-- Collected data --
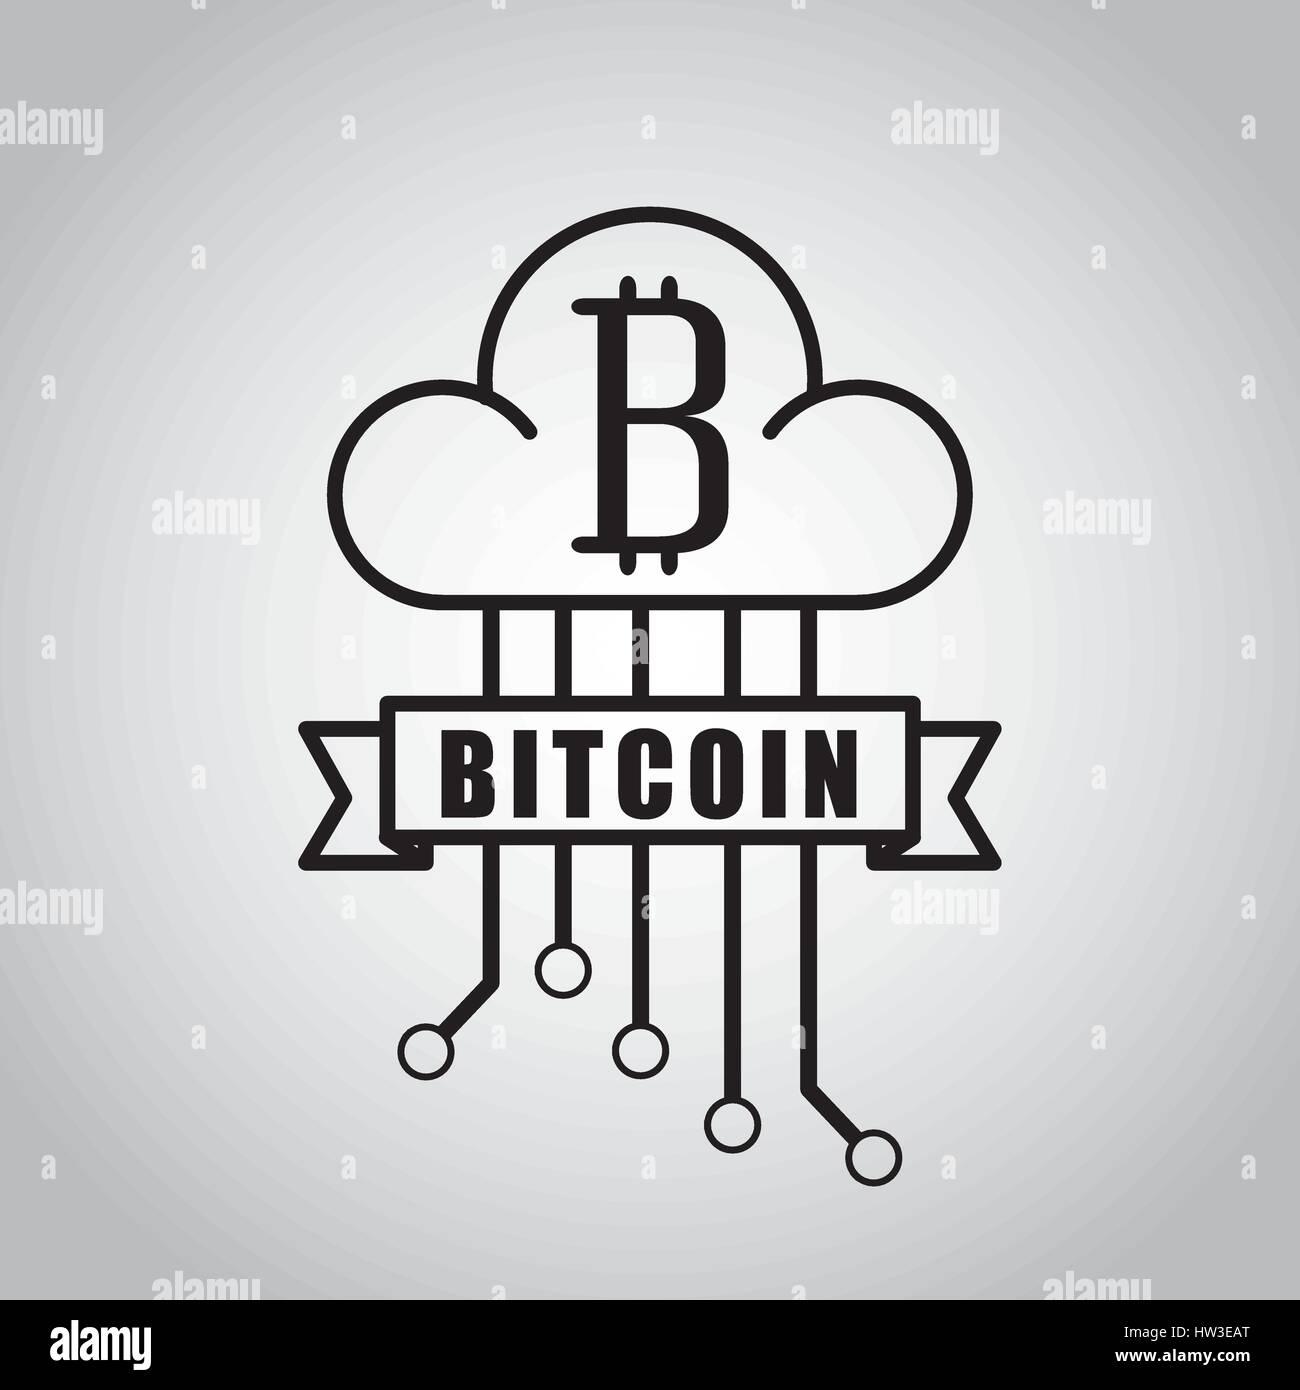 bitcoin virtual coin design - Stock Image
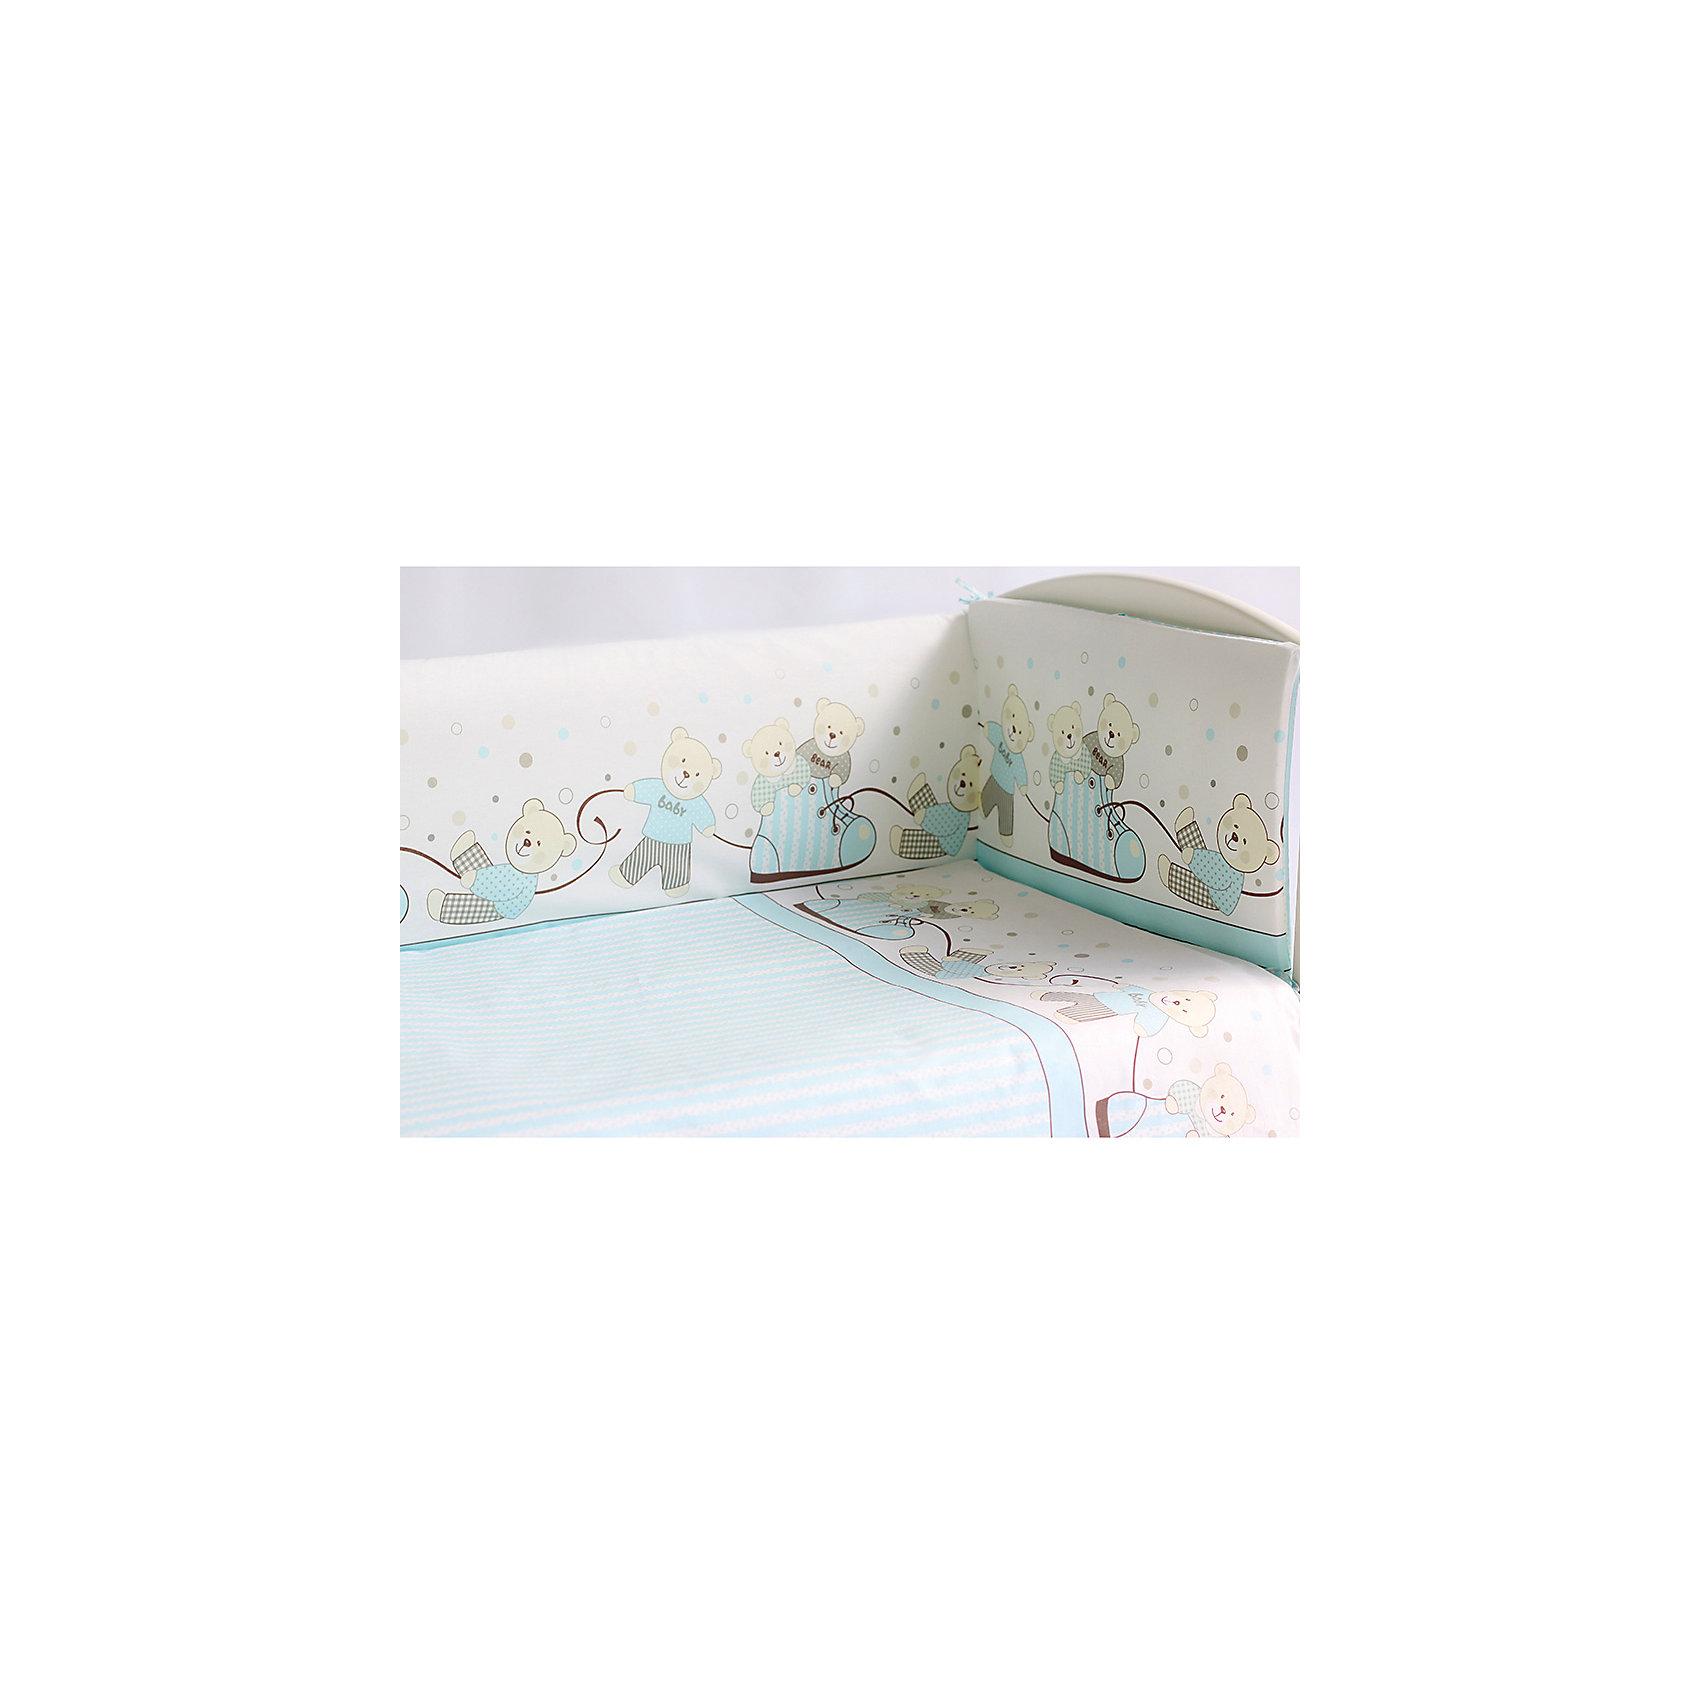 Комплект в кроватку Мишки, 6 пред., Pituso, голубойПостельное бельё<br>Характеристики товара:<br><br>• возраст с рождения;<br>• материал: бязь, хлопок;<br>• бортик в кроватку из 4 частей 120х60 см<br>• пододеяльник 147х112 см<br>• наволочка 60х40 см<br>• простыня на резинке 100х150 см<br>• одеяло 140х110 см<br>• подушка 60х40 см;<br>• размер упаковки 59х45х28 см;<br>• вес упаковки 2,8 кг;<br>• страна производитель: Россия.<br><br>Комплект в кроватку Мишки Pituso голубой обеспечит крохе уют и спокойный сон. Наполнитель является экологическим и безопасным для детей, он пропускает воздух, не вызывает аллергических реакций, в нем не заводятся вредные микроорганизмы. Изготовлен комплект из натурального мягкого хлопка, который легко стирается, не теряет цвет.<br><br>Комплект в кроватку Мишки Pituso голубой 6 предметов можно приобрести в нашем интернет-магазине.<br><br>Ширина мм: 590<br>Глубина мм: 450<br>Высота мм: 280<br>Вес г: 2800<br>Возраст от месяцев: 0<br>Возраст до месяцев: 36<br>Пол: Унисекс<br>Возраст: Детский<br>SKU: 5563662
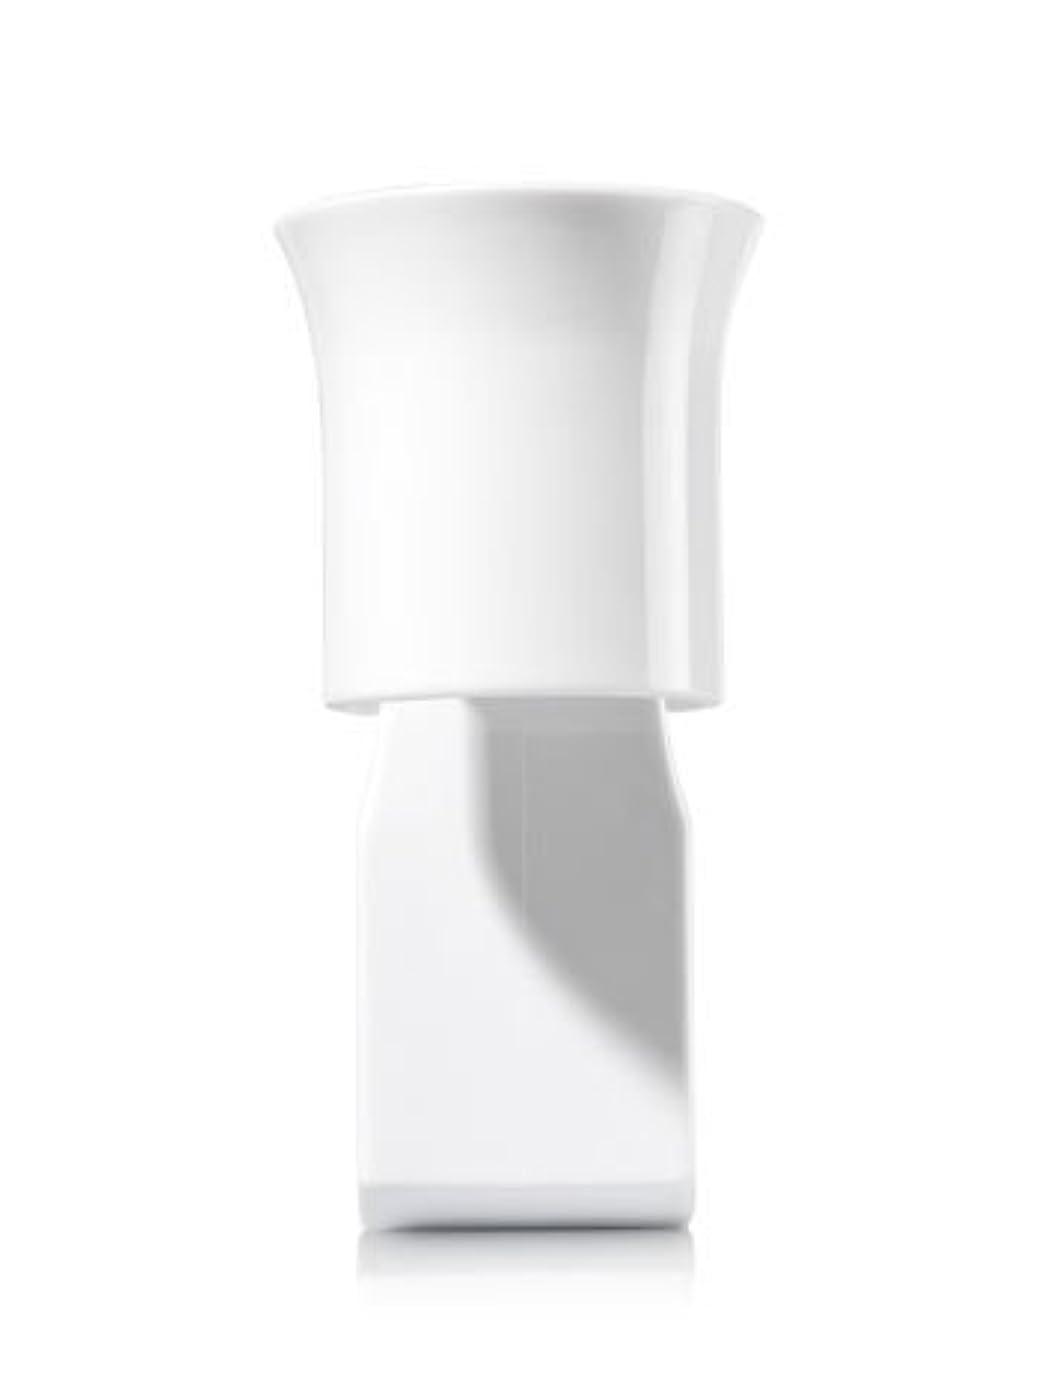 利点シマウマ自明【Bath&Body Works/バス&ボディワークス】 ルームフレグランス プラグインスターター (本体のみ) ホワイトフレアー Wallflowers Fragrance Plug White Flare [並行輸入品]

-- What is required --
Repeat the data in full, exactly as it stands, but drop every picture.

-- Solved exercise --
 bitcoin virtual coin design - Stock Image
 Комплект в кроватку Мишки, 6 пред., Pituso, голубойПостельное бельё<br>Характеристики товара:<br><br>• возраст с рождения;<br>• материал: бязь, хлопок;<br>• бортик в кроватку из 4 частей 120х60 см<br>• пододеяльник 147х112 см<br>• наволочка 60х40 см<br>• простыня на резинке 100х150 см<br>• одеяло 140х110 см<br>• подушка 60х40 см;<br>• размер упаковки 59х45х28 см;<br>• вес упаковки 2,8 кг;<br>• страна производитель: Россия.<br><br>Комплект в кроватку Мишки Pituso голубой обеспечит крохе уют и спокойный сон. Наполнитель является экологическим и безопасным для детей, он пропускает воздух, не вызывает аллергических реакций, в нем не заводятся вредные микроорганизмы. Изготовлен комплект из натурального мягкого хлопка, который легко стирается, не теряет цвет.<br><br>Комплект в кроватку Мишки Pituso голубой 6 предметов можно приобрести в нашем интернет-магазине.<br><br>Ширина мм: 590<br>Глубина мм: 450<br>Высота мм: 280<br>Вес г: 2800<br>Возраст от месяцев: 0<br>Возраст до месяцев: 36<br>Пол: Унисекс<br>Возраст: Детский<br>SKU: 5563662
 利点シマウマ自明【Bath&Body Works/バス&ボディワークス】 ルームフレグランス プラグインスターター (本体のみ) ホワイトフレアー Wallflowers Fragrance Plug White Flare [並行輸入品]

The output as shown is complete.